Neither the court in Eshelman or the Jobs Creation Act of 2004 addresses the tax implications of attorneys fees awarded by the court, which are taxable as income to the claimant in the year they are received. Arguably, using the make-whole reasoning in Eshelman, plaintiffs should be reimbursed for any additional tax liability brought on by court-awarded fees.
The Eshelman opinion is silent as to whether successful claimants are entitled to reimbursement for the negative tax consequences of receiving a front-pay award, as opposed to back pay awards. However, this issue was addressed inNeill v. Sears, Roebuck & Co., 108 F.Supp.2d. 443 (E.D.Pa. 2000), which was cited in Eshelman. In Neill, the trial court agreed to enhance the jury verdict for the negative tax impact of both the back- and front-pay award. Arguably, in light of Eshelman, the Third Circuit will allow the enhancement of awards for front-pay as well as back-pay to counteract negative tax consequences.

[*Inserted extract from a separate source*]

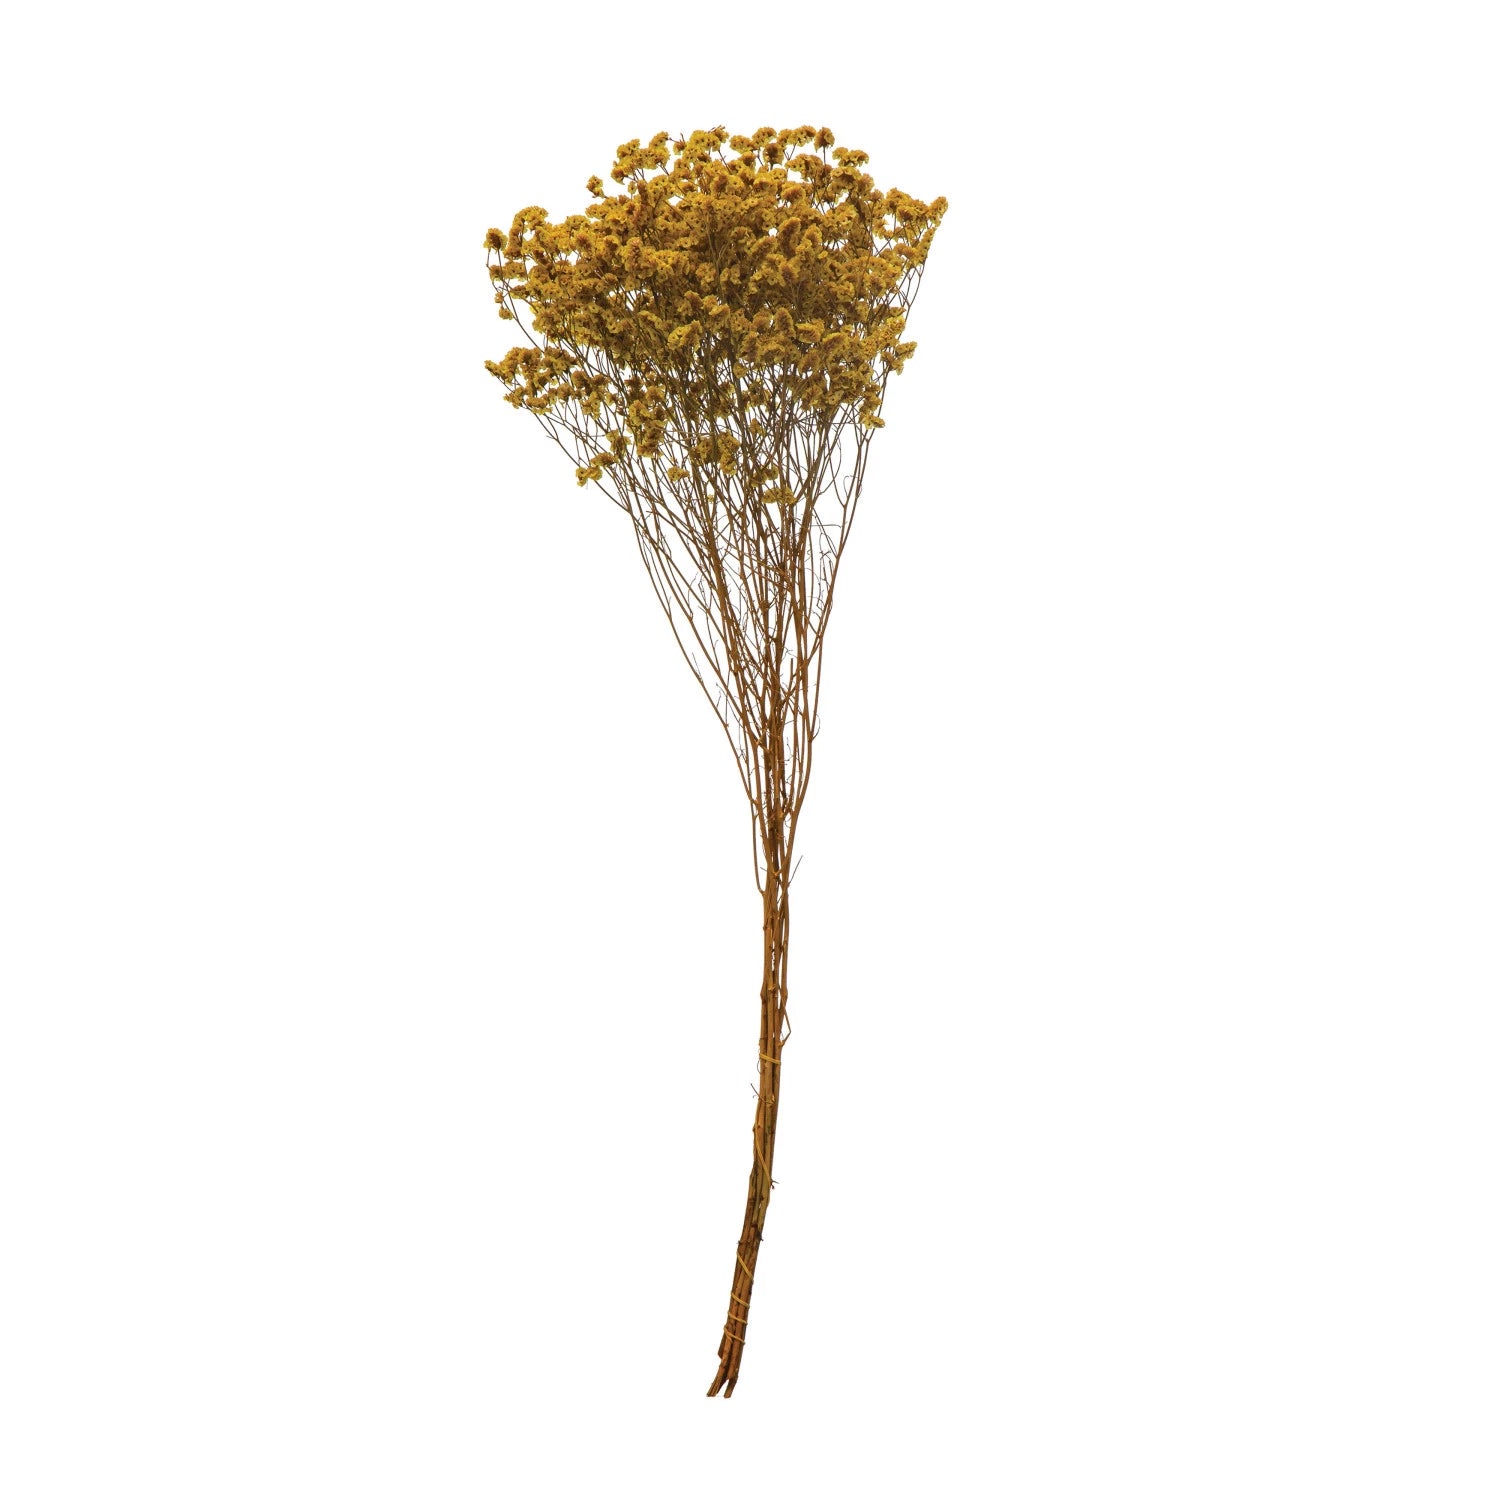 Dried natural pearl grass bunch

Front-pay awards, however, present special tax issues distinct from back-pay awards. First, obviously, future tax rates are not known. Also, front-pay awards are reduced to present value to reflect the time value of money — since the lump-sum award can be invested and earn interest, successful plaintiffs receive only the amount that, if invested, will yield the full amount of future damages in the year the damages would have occurred. The gross-up should be based on any tax due now on the reduced present value of the award — presumed future taxes on an award for lost future income need not be considered.
The enhancement for extra tax liability in Eshelman was made by the trial court, post-trial, at the request of the plaintiff. The amount was based on an affidavit submitted to the court by her expert economist. Was the jury instructed to disregard any tax issues in arriving at its verdict? If not, the award may have been enhanced in the jury room, prior to any post-trial adjustments by the magistrate. If this was the case, the plaintiff has effectively enjoyed a double recovery. Should experts be allowed to testify to the jury as to tax consequences?
Taxes on the Enhancement
Any enhancement to an award to compensate for negative tax consequences will in itself have negative tax consequences. Obviously, as a matter of fairness, any enhancement should be molded to reflect this fact. The award should be enhanced to compensate for any extra tax liability caused by the award and the enhancement combined, not just the award. For example, assume that the excess tax burden on a lump-sum award is determined to be $5,000. If the plaintiff is in the 33 percent tax bracket, the plaintiff would need an award of $7,463 in order to be made whole.
These are a few of the questions and issues that arise when we look at the problem of making a plaintiff whole in terms of tax liability. We are sure, as courts further address this issue, more issues will arise. Meanwhile, plaintiffs making claims, defendants trying to value demands and parties involved in settlement negotiations now should pay particular attention to tax issues.